Je dis, messieurs, que quand on veut faire une loi de sincérité, une loi forte, on doit prendre les moyens de rendre justice, et la loi telle qu'elle nous est présentée ne remplit pas ces conditions.
- Plusieurs membres. - Aux voix ! Aux voix !
M. Orts. - Messieurs, j'appuie la proposition présentée par l'honorable M. de Theux. Je suis partisan de la suppression du ballottage et je vais vous dire pourquoi : C'est d'abord parce que je crois que c'est de tous les remèdes le plus efficace pour empêcher le mal que nous voulons tous faire disparaître, je dirai plus, ce qui est une honte pour le corps électoral, je veux parler des dépenses électorales.
Quand vous n'aurez plus le ballottage, il n'y aura plus de raison pour donner un dîner aux électeurs. (Interruption.)
Vous donnerez un déjeuner, mais vous ne donnerez plus de dîner et vous aurez gagné 75 p. c. des dépenses.
Maintenant je crois que le scrutin de ballottage est parfaitement inutile. Je n'admets pas qu'il soit tout entier au profit du centre de population dans lequel se fait l'élection. Si cela était, ce serait une injustice que nous ne devrions pas tolérer, mais je crois que la suppression du ballottage aura cet excellent résultat d'introduire dans les partis une discipline plus solide que celle qui existe aujourd'hui.
Beaucoup de minorités se détachent de la majorité de leur opinion en disant : Nous allons produire un candidat et au ballottage nous nous mettrons du côté du candidat qui a seul des chances et qui se rapproche le plus de notre nuance.
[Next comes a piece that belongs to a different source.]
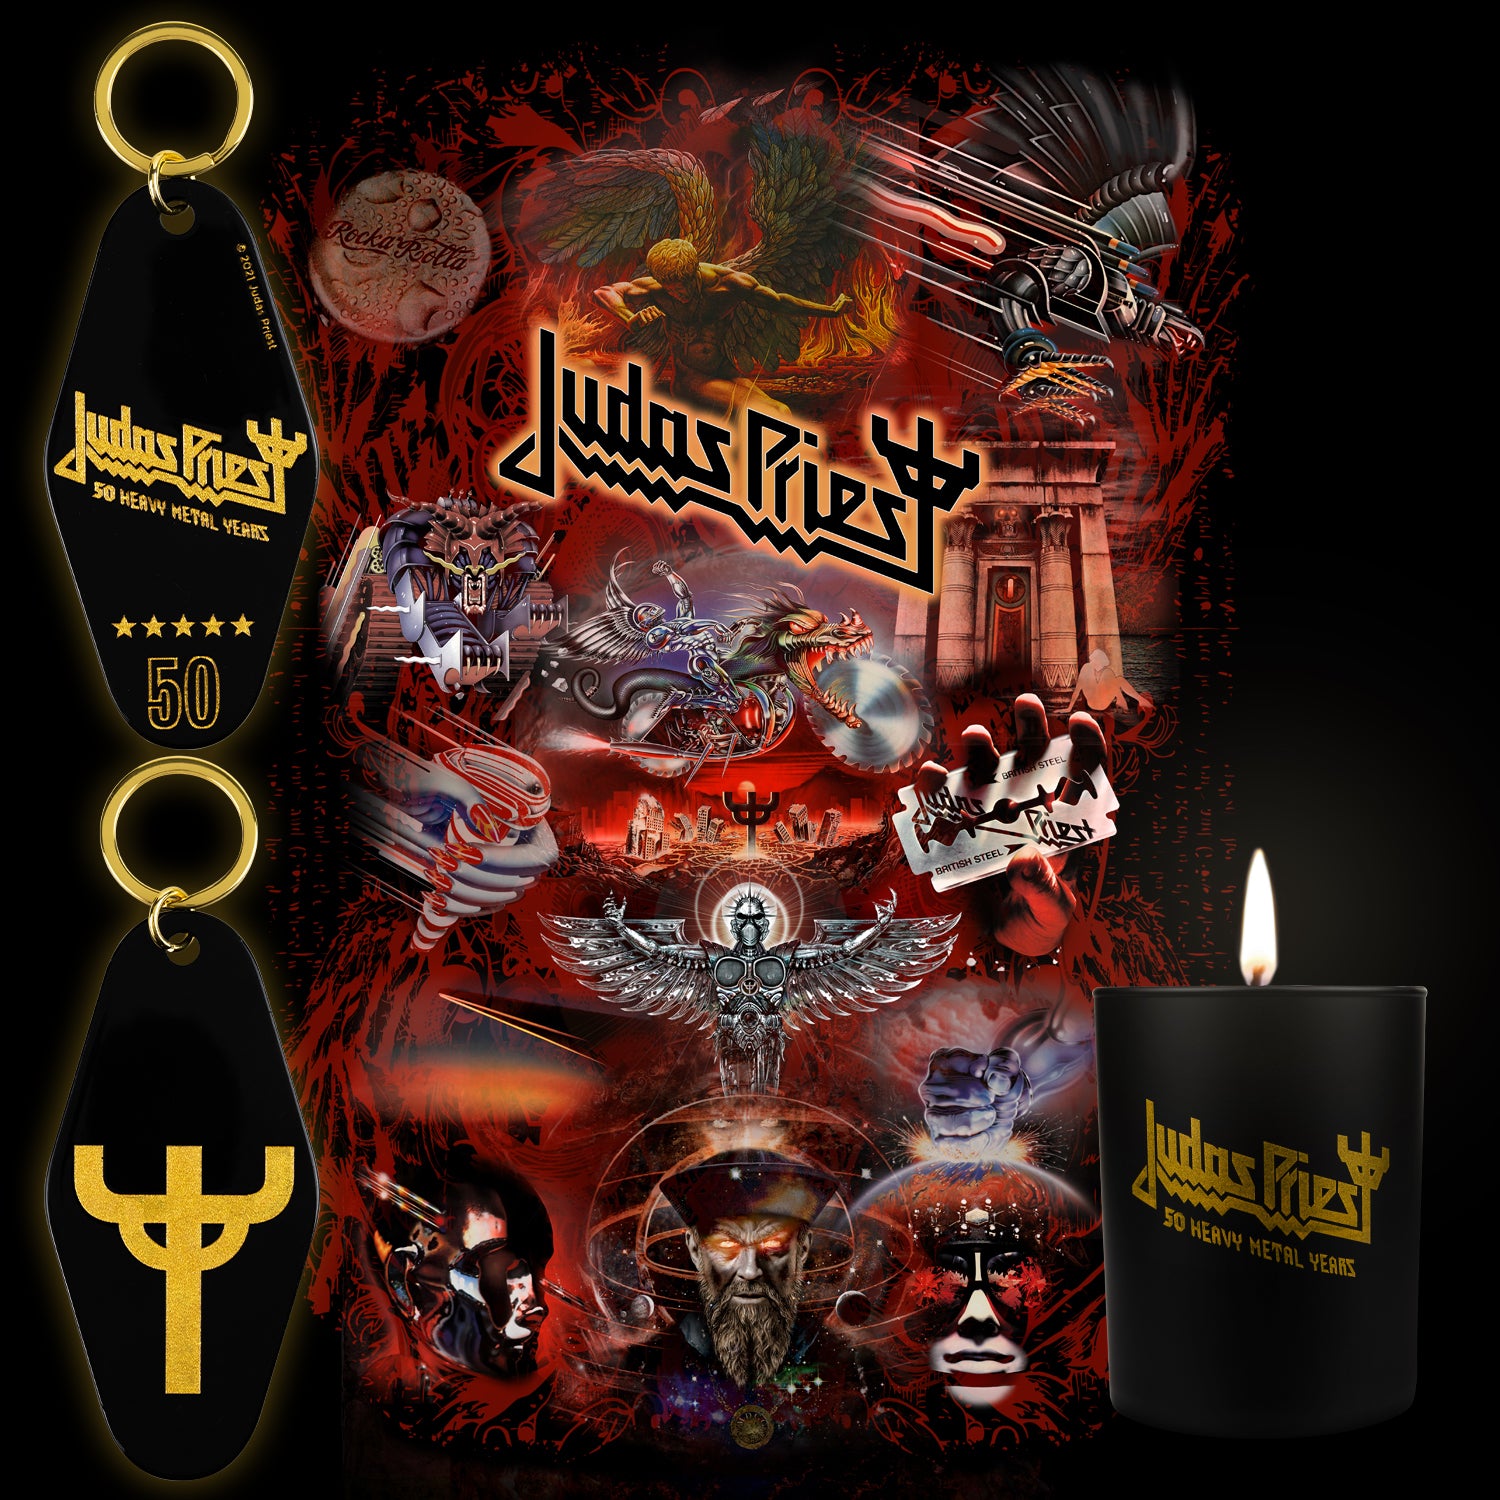 Judas Priest 50 Heavy Metal Years - Evoke Candle Co
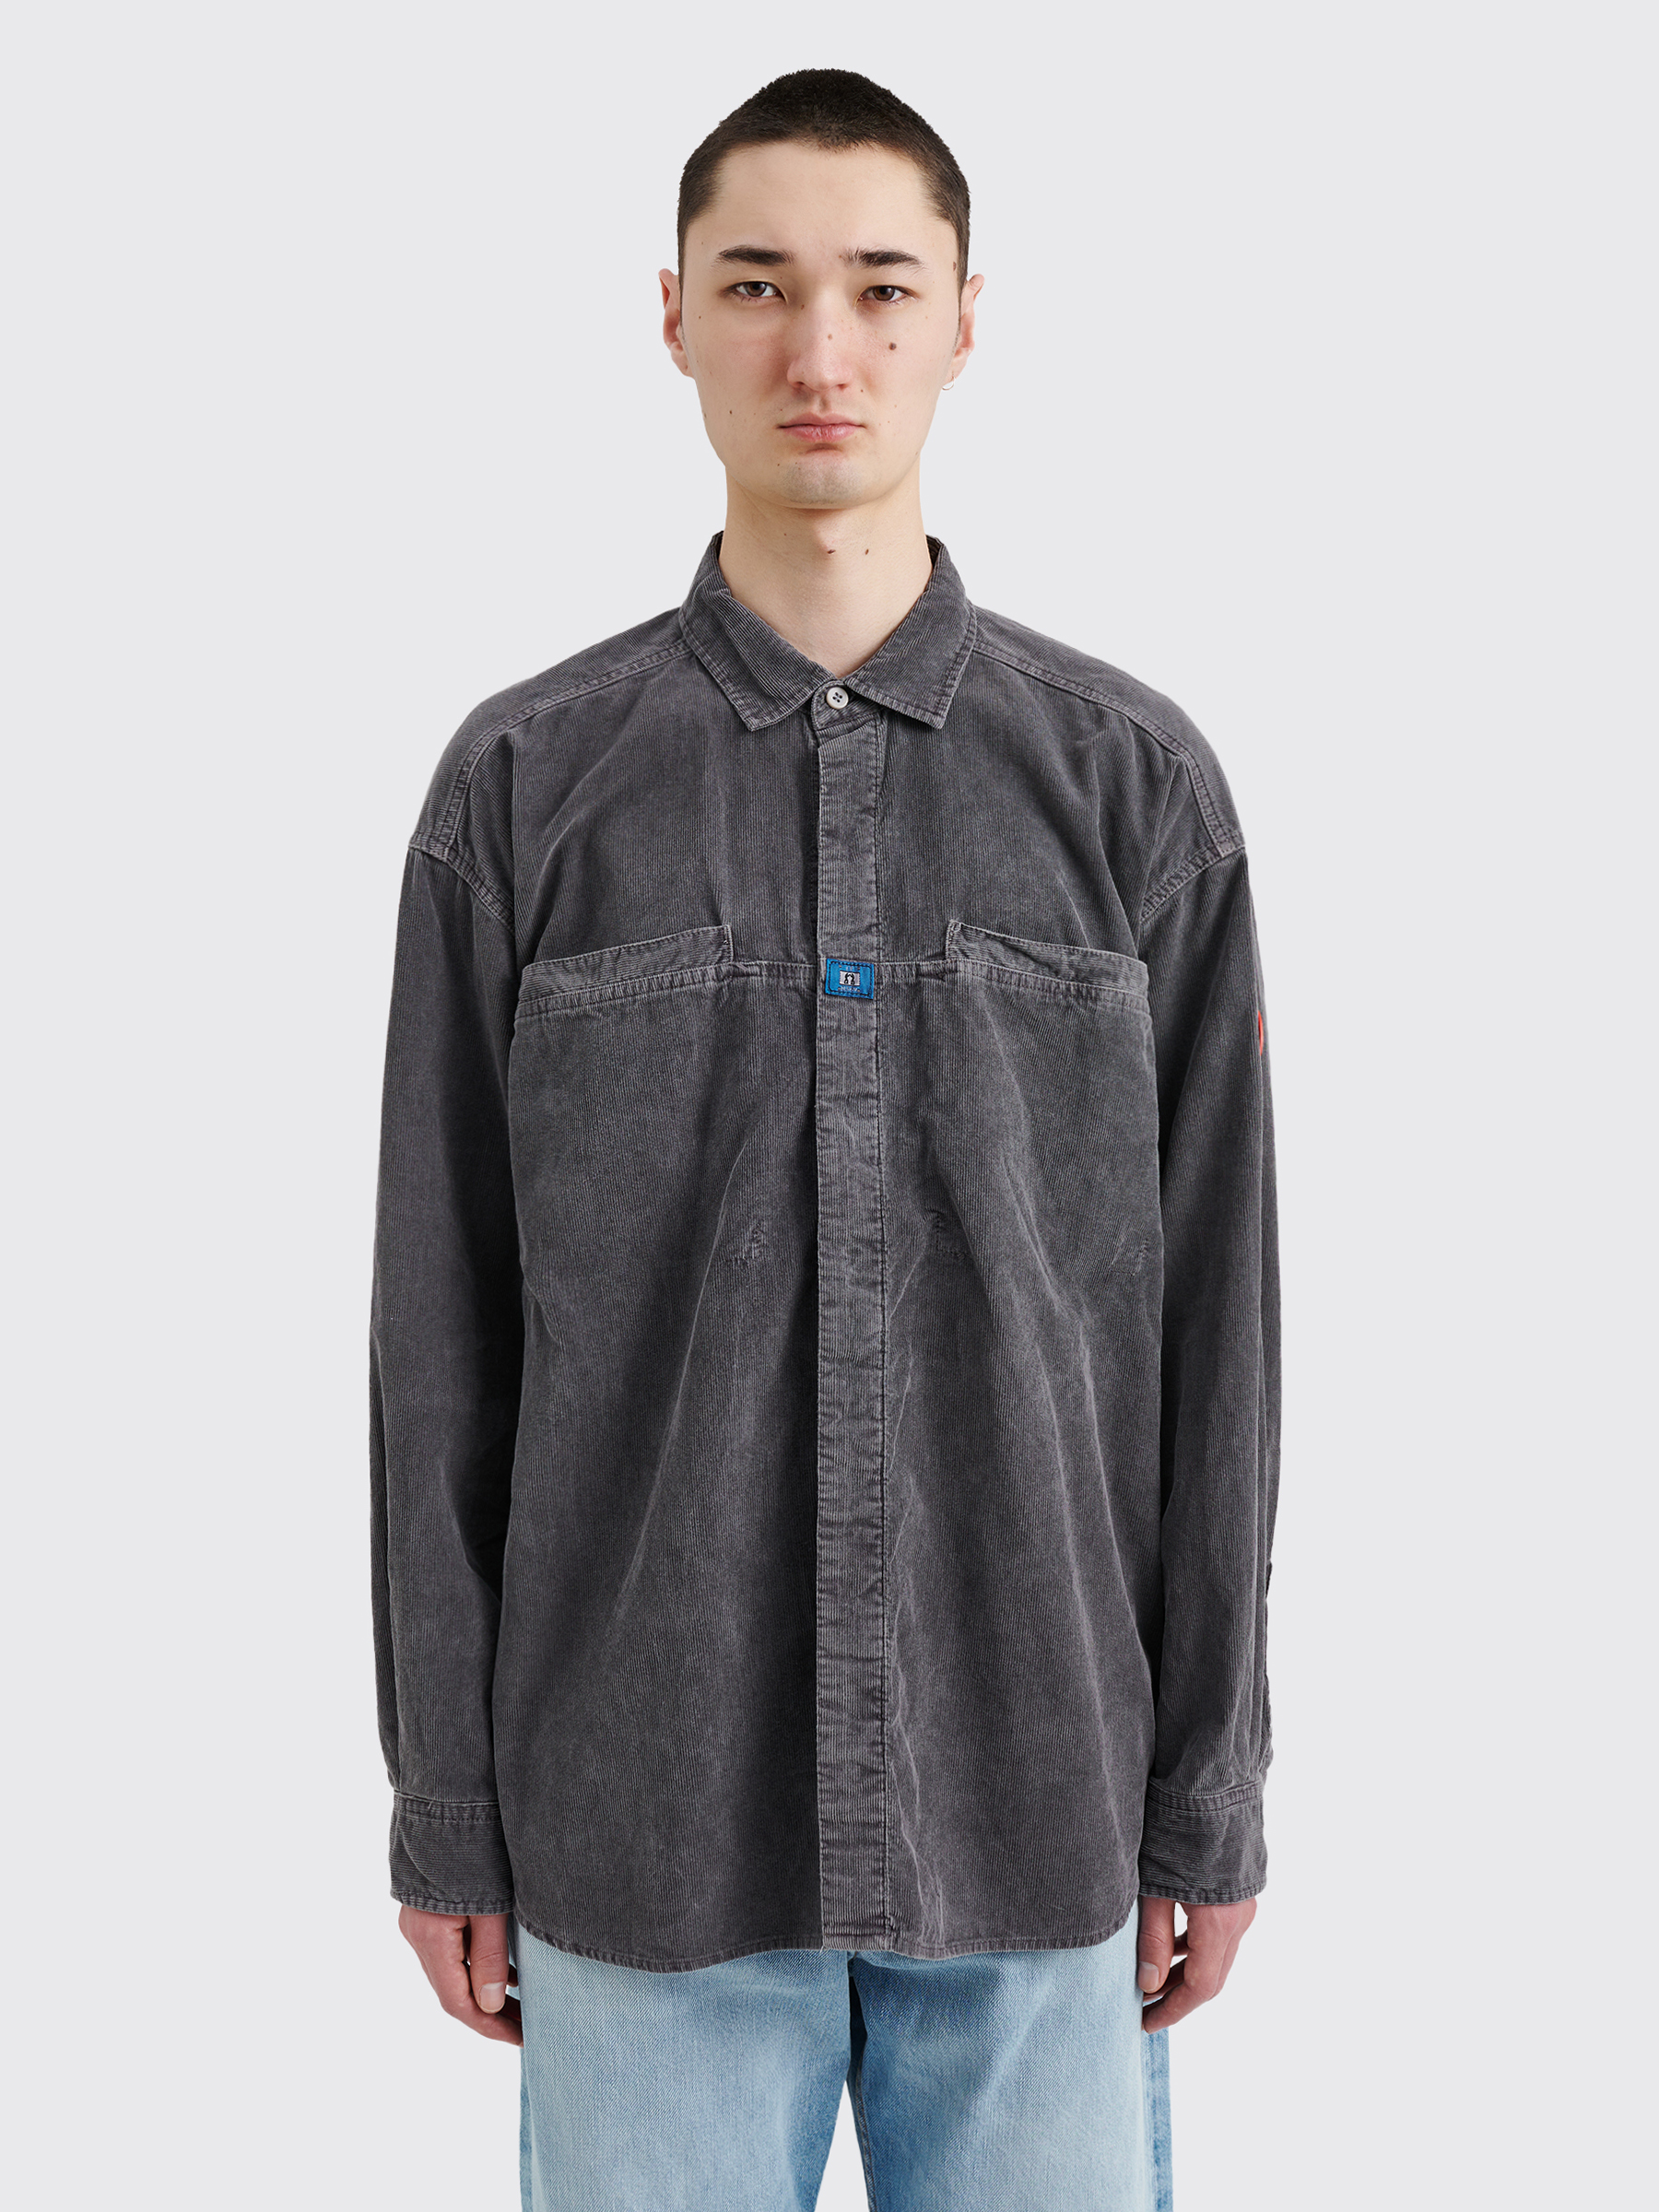 Cav Empt Overdye Cord Design Big Shirt Charcoal

Quant aux inconvénients qu'a signalés l'honorable ministre des finances, ils ne peuvent se produire quand on saura qu'il n'y a plus de ballotage.
MfFOµ. - Messieurs, les derniers mots que vient de prononcer l'honorable membre font naître dans mon esprit une observation que je soumets à l'assemblée.
Il veut que l'on introduise la discipline dans les partis et il pense que la suppression du ballottage sera un moyen très efficace d'arriver à ce résultat.
Messieurs, parlons franchement.
La discipline existe parfaitement chez nos adversaires. Je n'ai pas souvenir d'avoir vu une seule fois dans un collège électoral deux listes catholiques, mais dans beaucoup de collèges électoraux j'ai vu plusieurs listes libérales.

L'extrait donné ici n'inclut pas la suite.